Figure 6 | Perplexity baseline vs. SaC score on each benchmark, with absolute and relative deltas annotated.

Cost-Performance Frontier

In practice, users care about performance relative to cost. We therefore evaluate the cost-performance frontier on DSQA and WideSearch. We measure the cost and performance of SaC across low, medium, and high model reasoning levels, alongside the other systems. Figures 7 and 8 plot benchmark score against per-task price, with the x-axis reversed so points farther right are cheaper and points higher represent better performance.

Expand

Figure 7 | DSQA score versus per-task price. The dashed line connects the SaC model reasoning configurations.

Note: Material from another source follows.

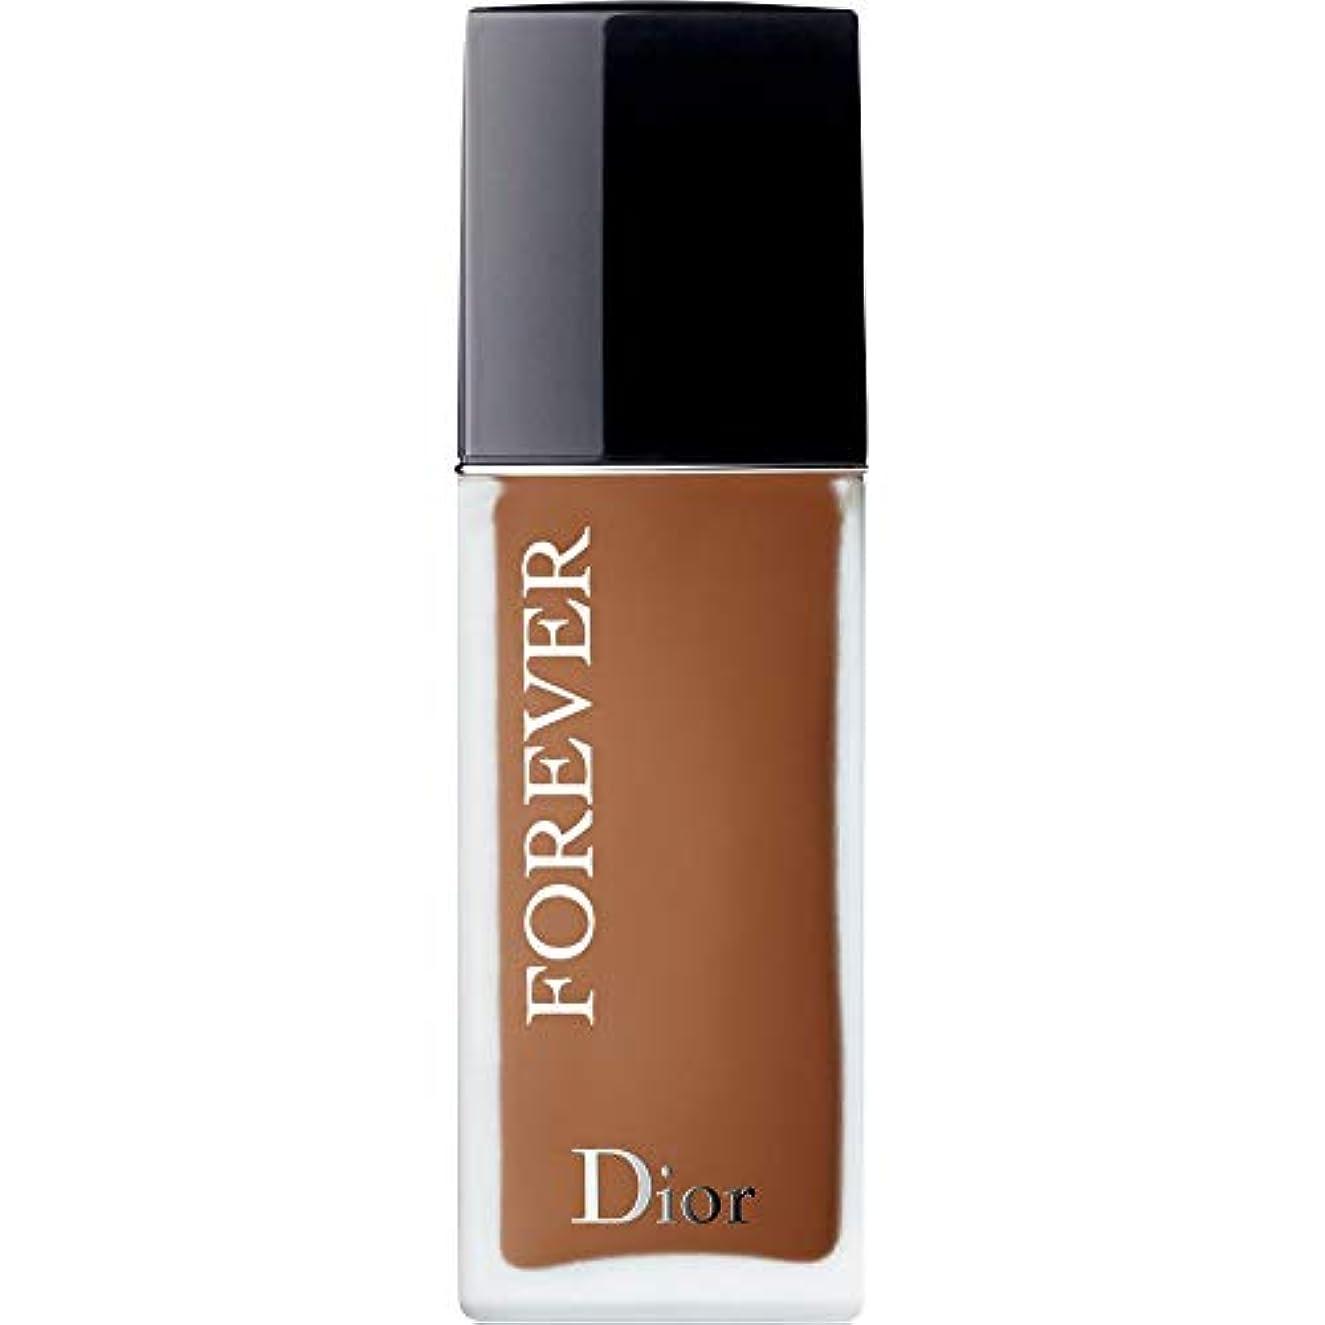 ポケット用量抵当[Dior ] ディオール永遠皮膚思いやりの基盤Spf35 30ミリリットルの6.5N - ニュートラル(つや消し) - DIOR Forever Skin-Caring Foundation SPF35 30ml 6.5N - Neutral (Matte) [並行輸入品]

On DSQA, all three SaC settings lie on the upper-right frontier. The low reasoning setting is cheaper than all other systems while performing better than two of them. The medium reasoning setting outperforms all non-SaC systems at under $1 per task. The high reasoning setting achieves top performance with a competitive cost.

Expand

Figure 8 | WideSearch score versus per-task price. The dashed line connects the SaC model reasoning configurations.

WideSearch shows a similarly shaped frontier. As with DSQA, the low reasoning setting achieves competitive performance at lower cost than all non-SaC systems, while both medium and high reasoning outperform non-SaC systems in task performance.

Toward a New Architecture of Computing

Search as Code reflects a broader change in software design. For decades, software systems were organized around deterministic instructions executed by traditional runtimes on CPUs. Frontier models introduce a new form of compute: token-space reasoning that can both follow and generate instructions. The most capable computational systems will combine these two forms of compute rather than choosing between them.

Search is a natural proving ground for this hybrid architecture. Models are well-suited to deciding what evidence is needed and how uncertainty should be resolved. Deterministic runtimes are well-suited to batching, parallelism, filtering, ranking, and aggregation. Search infrastructure serves as a universal I/O layer, providing the runtime with useful handles into the world's information that can sustain thousands of operations per minute. When these pieces are integrated, the resulting system is much more powerful and efficient in accomplishing real-world tasks.

Every part of this architecture is necessary to unlock these capabilities. Without intelligent models, the system cannot reason over search strategy. Without sandboxes, models are forced into serial I/O and inefficient token-space processing. And without an atomized search stack, the model has nothing to orchestrate. SaC works because reasoning, deterministic compute, and I/O are jointly designed to accentuate each layer's strengths.

This codesign can be taken even further through the development of continual improvement loops. For instance, the Agentic Search SDK and SaC Agent Skills could be jointly optimized in a common autoresearch loop. More ambitiously, models can be trained to take advantage of low-level search primitives exposed as an SDK. One might even try coevolving SDK design during the model training process itself. We look forward to pursuing more aggressive codesign strategies in future work.

We built SaC to allow models to control the search process, rather than merely consume its results. Our results prove the power of this control: SaC advances both absolute performance and the cost-performance frontier on knowledge-intensive agent benchmarks. We're excited to bring SaC's capabilities to our users, starting today with Perplexity Computer and Agent API. We will continue to optimize the SaC architecture across all layers of the stack to ensure our users (and the agents serving them) have the most powerful and efficient search capabilities possible.